Commenters suggested broadening the list of groups identified as having a conflict of interest in proposed §155.110(c)(3)(ii) to include: health care providers; anyone with a financial interest; anyone with a spouse or immediate family with a conflict of interest; major vendors, subcontractors, or other financial partners of conflicted parties; members of health trade associations and providers; and, health information technology companies. Commenters recommended that such groups be limited or prohibited from participation in an Exchange. Other commenters recommended that individuals with ties to the insurance industry participate through technical panel or advisory group instead of through board membership.
Response: As proposed, §155.110(c)(3)(ii) ensures as a minimum standard that the groups with the most direct conflict of interest cannot form a majority of voting members on a governing board. We believe that further definition of conflict of interest may create inconsistencies with State law and other existing State standards, but note that Exchanges may expand the list or further define conflict of interest. For example, a State may elect to prohibit any conflicted members from serving on the board.
Final rule, Interim final rule. (644 pages):
http://www.kaiserhealthnews.org/~/media/Files/2012/Exchange%20Standards%20For%20Employers%20March%202012.pdf
HHS release:
http://www.healthcare.gov/news/factsheets/2011/07/exchanges07112011a.html
Reulatory impact analysis:
http://www.kaiserhealthnews.org/~/media/Files/2012/Exchange%20Regulatory%20Impact%20Analysis%20March%202012.pdf
Comment:
By Don McCanne, MD
Skim reading this 644 page HHS rule on the state insurance exchanges to be established under the Affordable Care Act makes you realize even more how unnecessarily complicated this legislation had to be merely to accommodate the private insurance industry. If you are suffering from euphoria, read this rule and it will cure you.

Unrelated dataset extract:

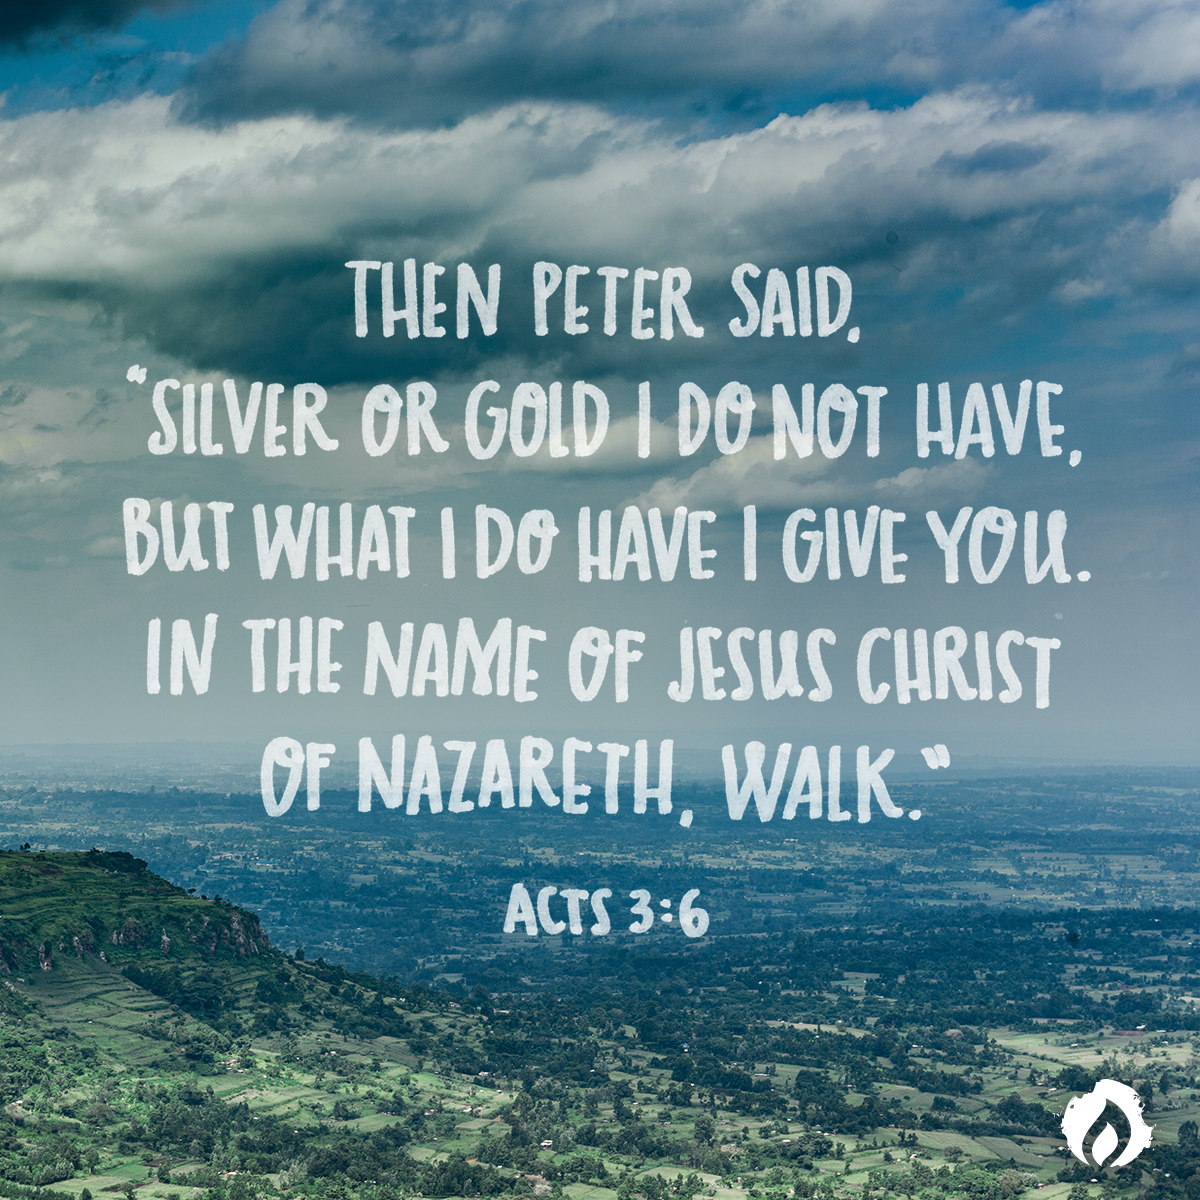 Acts 3:6

As everyone knows, the Affordable Care Act was written by and for the private insurance industry. Just to show how much the insurance industry’s influence extends into the Obama administration you merely need to look at the rule on the governing board composition and conflict of interest, to wit, “representatives of health insurance issuers, agents, brokers, or other individuals licensed to sell health insurance may not constitute a majority of the governing board.”
Absolutely astounding! The private insurance industry can occupy up to one-half of the seats on the governing board! Amongst all of the other members of the board, they need only one friend. Watching the reform process take place it is clear that they have friends everywhere!
During the comment period, many expressed concern about this obvious conflict of interest, suggesting even that insurers participate as an advisory group rather than through board membership. And HHS’s response? “We believe that further definition of conflict of interest may create inconsistencies with State law and other existing State standards.”
This is an outrage! Mobilize the forces!